An outbreak of influenza devastated the area, affecting almost everyone, including John Ballou Newbrough himself which ultimately caused his death on April 22, 1891. For almost a decade, Frances Newbrough and Andrew Howland attempted to revive the faded dream, struggling to keep the colony going. However, unfortunately, by 1900, Shalam was destitute; the school closed, children rebelled and colonists squabbled.
What Is John Ballou Newbrough Known For?
John Ballou Newbrough was known to have held several US patents. Amongst the numerous patents to his name are three (3) for calculating devices. You can read more about the calculating machine of John Ballou here.
Other patents kg John Ballou includes for manufacturing of rubber (US 73916), artificial teeth (US85927), furnace pot (US115677), car for railway (US121539), ventilator (US142140), and exercising apparatus (US169467).
Noteworthy, John ran into trouble with the Goodyear Rubber Co. for the patent he held for the manufacturing of rubber. The latter claimed that John Ballou Newbrough developed a much cheaper compound to set teeth in dental plates than the one produced by Goodyear, which dominated the market.
John Ballou Newbrough: Marriage, Divorce, Children, and Personal Life
John Newbrough married the young Rachel Turnbull, a sister of his goldfield partner John Turnbull, on February 24, 1860, in the Presbyterian Church at Jedburgh, Scotland. They both settled initially in Philadelphia, where John continued practicing dentistry until 1862 when they moved to New York City for more than twenty years.
John Ballou Newbrough began having an affair with his dental assistant, Frances Vandewater Sweet, and eventually had a daughter, Justine, with her on January 1, 1884. In April 1884, his wife, Rachel, ordered him to leave their house in New York City, and ultimately divorced in 1886.
John Ballou Newbrough married Frances Vandewater, and they both moved to a farm at Pearl River, New York, which by March 1884 they named “Camp Hored,” the staging place for founding Shalam Colony, as outlined in Oahspe.
John and Rachel have three (3) children together: two boys, William, who became a civil engineer George who, sadly, died at age 2; and a daughter Elizabeth, who became an artist. Justine was the only child known between John and his dental assistant, Frances.
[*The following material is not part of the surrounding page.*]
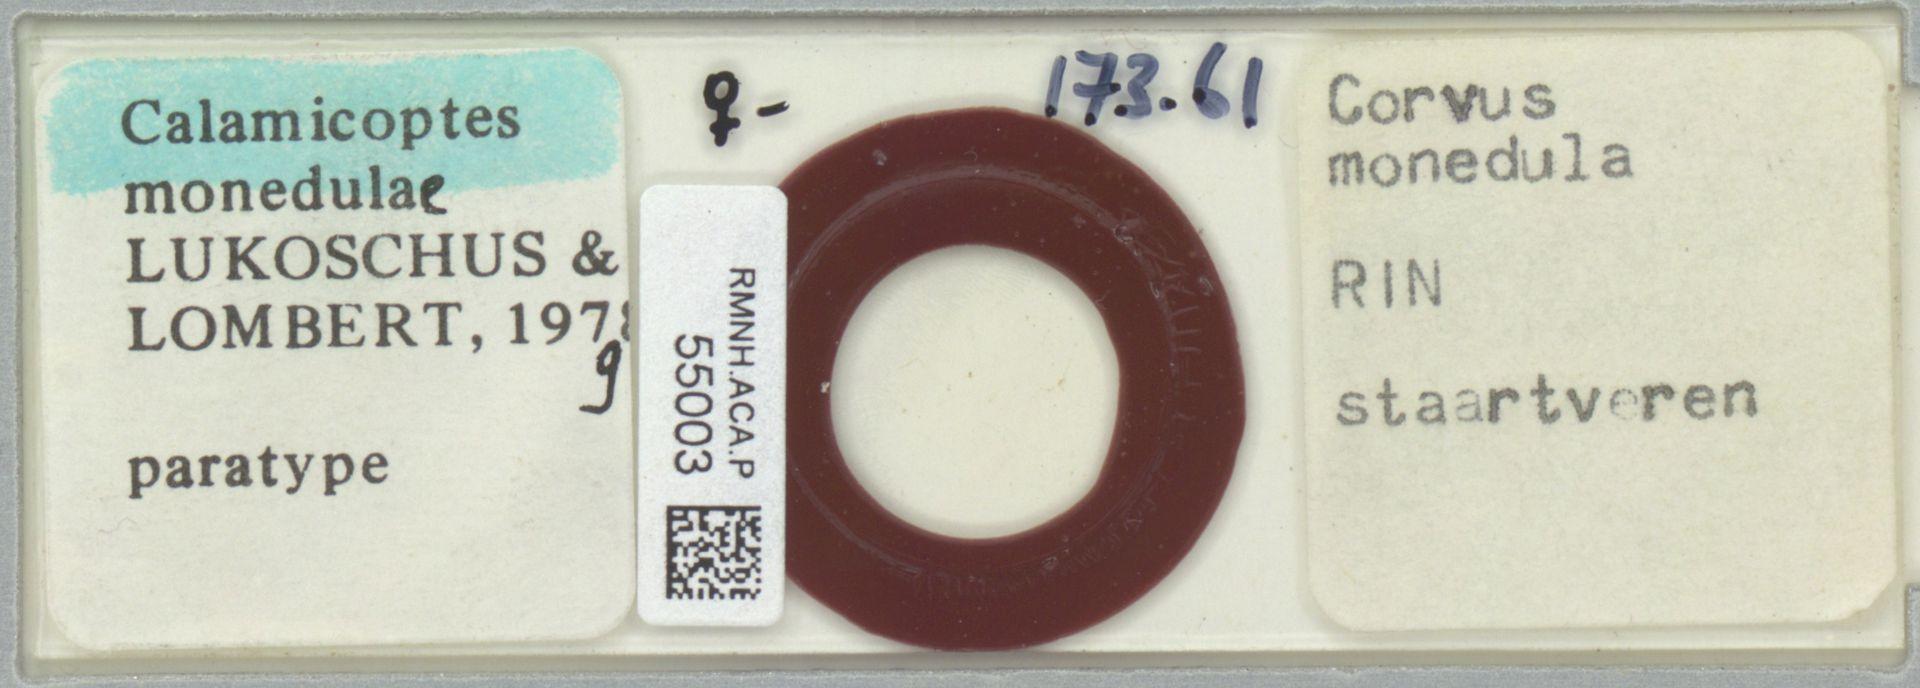 RMNH.ACA.P.55003 | Calamicoptes monedulae Lukoschus & Lombert, 1979
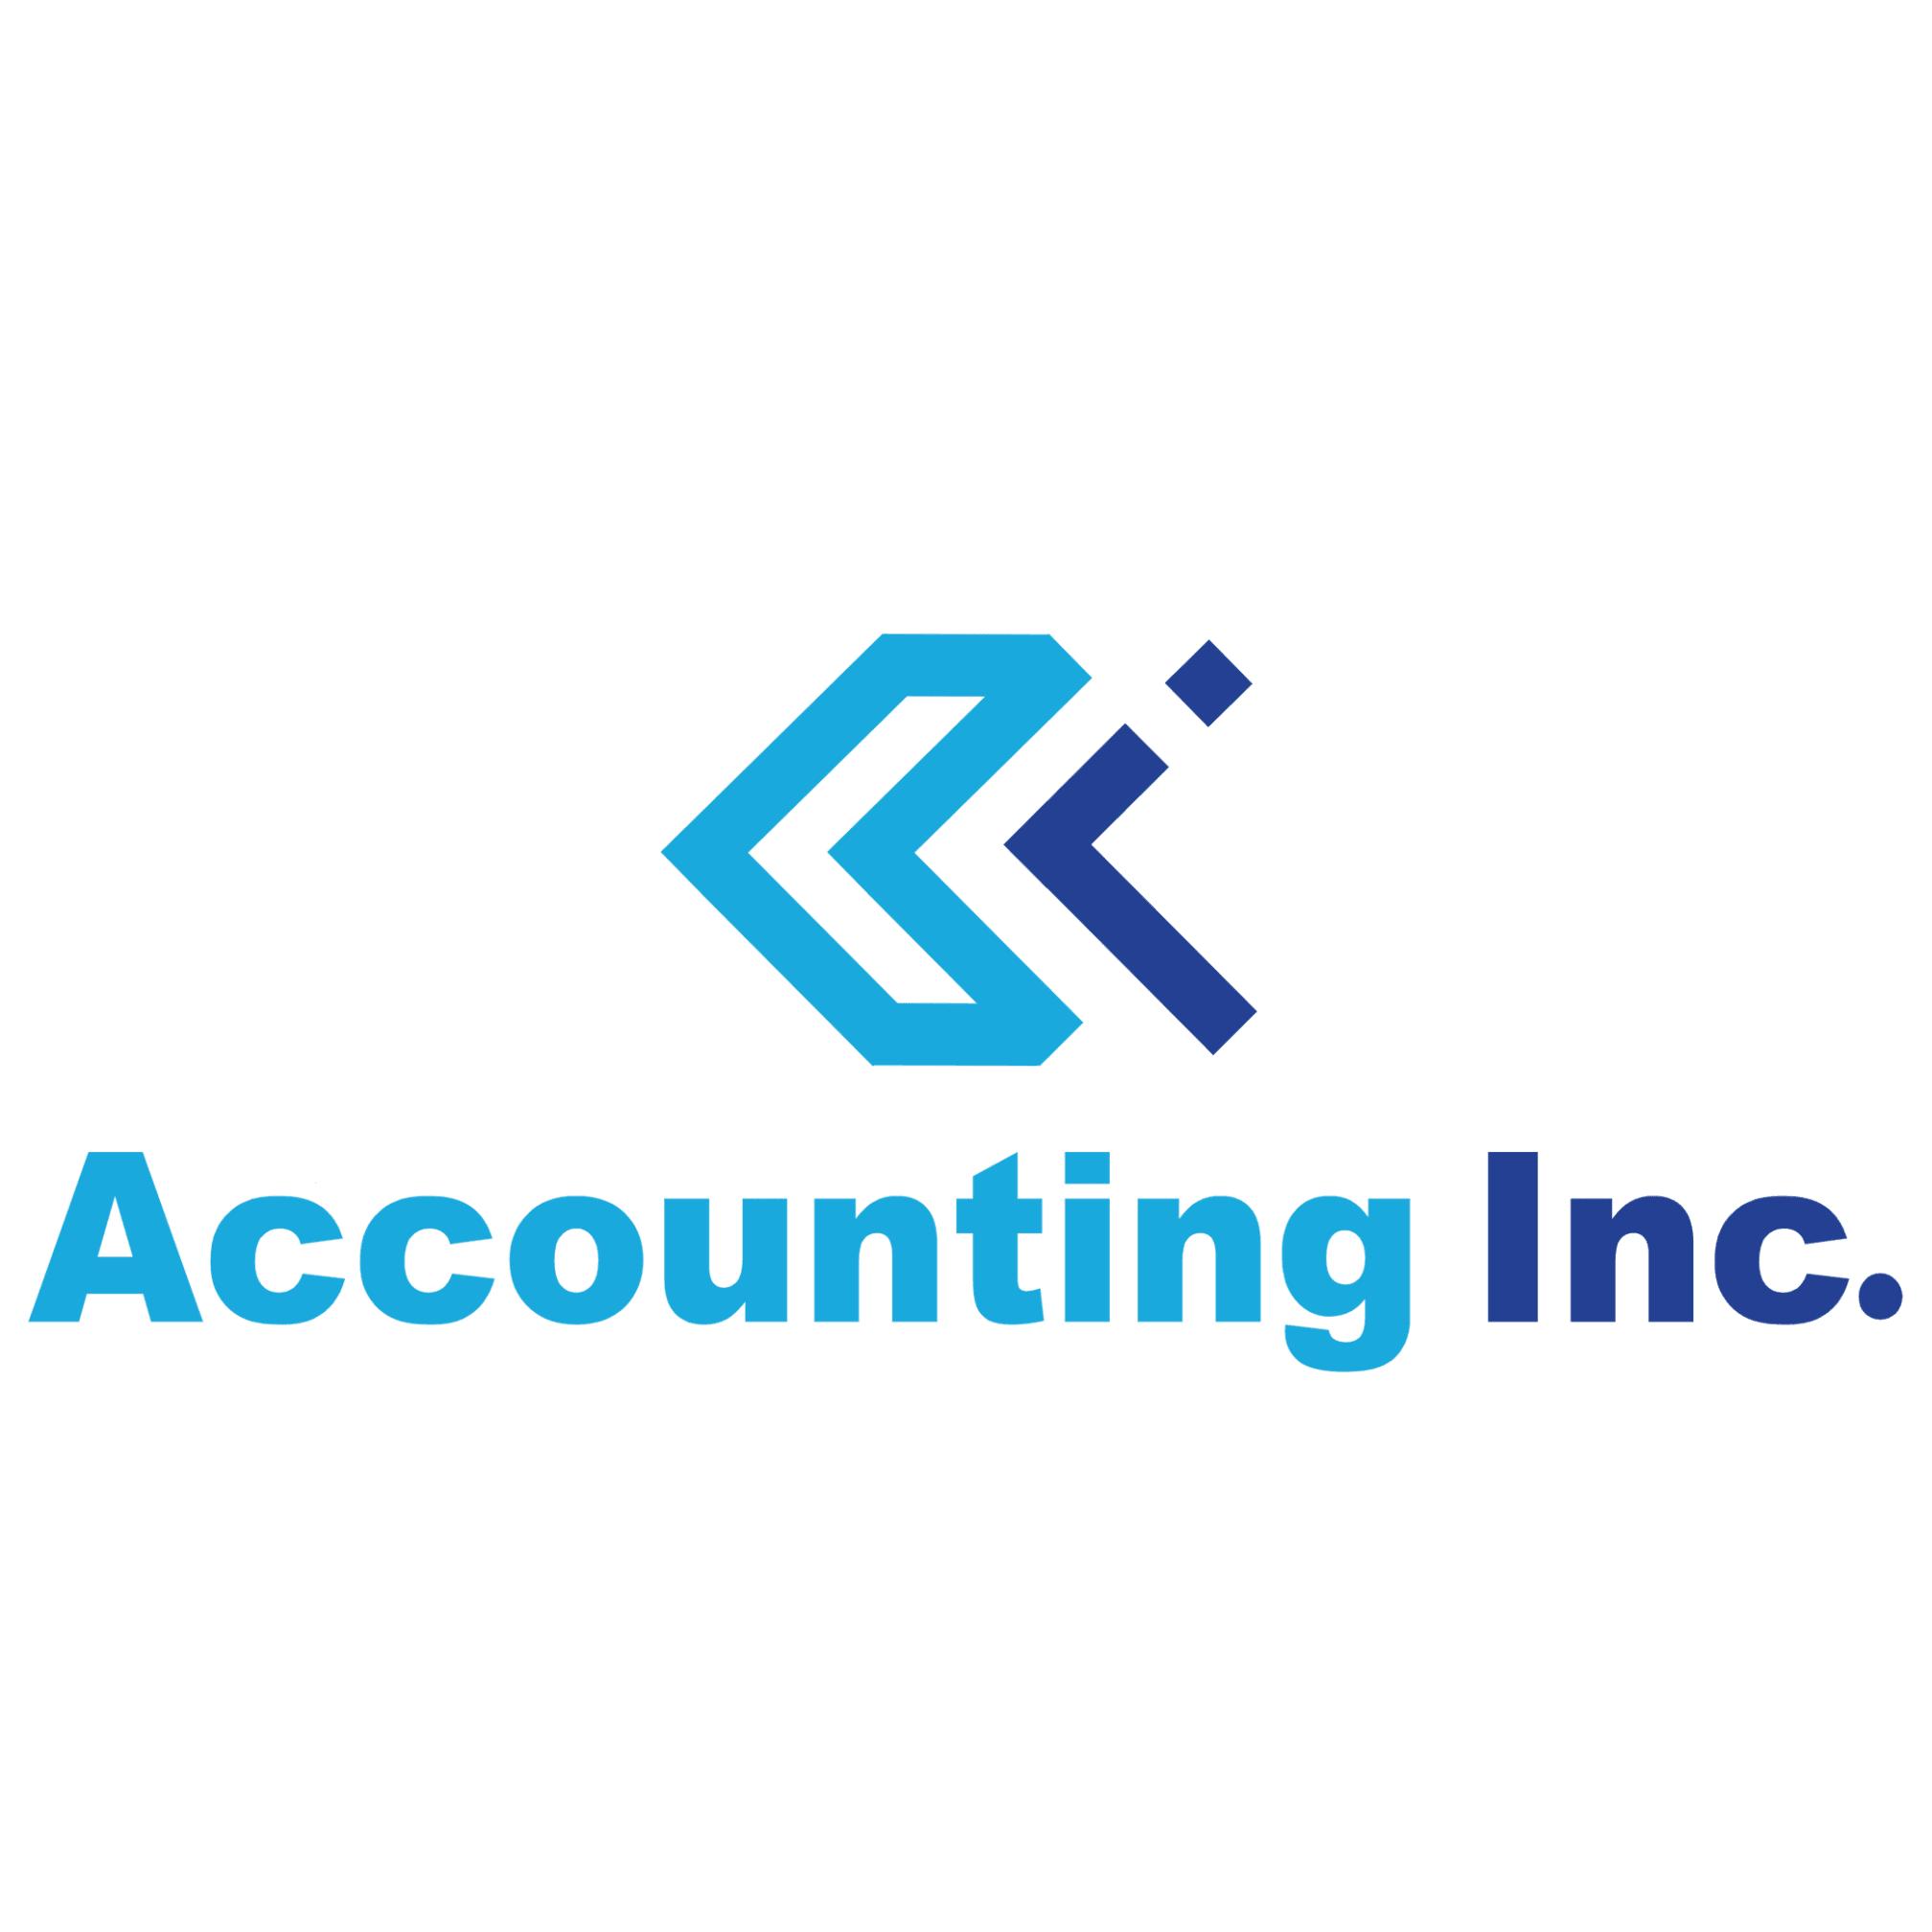 Accounting Inc. - Gateshead, Tyne and Wear NE11 9DJ - 01914 937054 | ShowMeLocal.com

John Ballou Newbrough Published Works and Books
John Newbrough was a writer and poet. His first novel was a 600-page book about his experiences in the California Gold Rush, named The Lady of the West, or the Gold Seekers. Printed in Cincinnati in 1855, the book was a love story during the adventure.
Afterward, John published several other books, between them one, which made him famous, Oahspe: A New Bible. Oahspe was published in 1882, purporting to contain new revelations from the Ambassadors of the angel hosts of heaven prepared and revealed unto man in the name of Jehovih.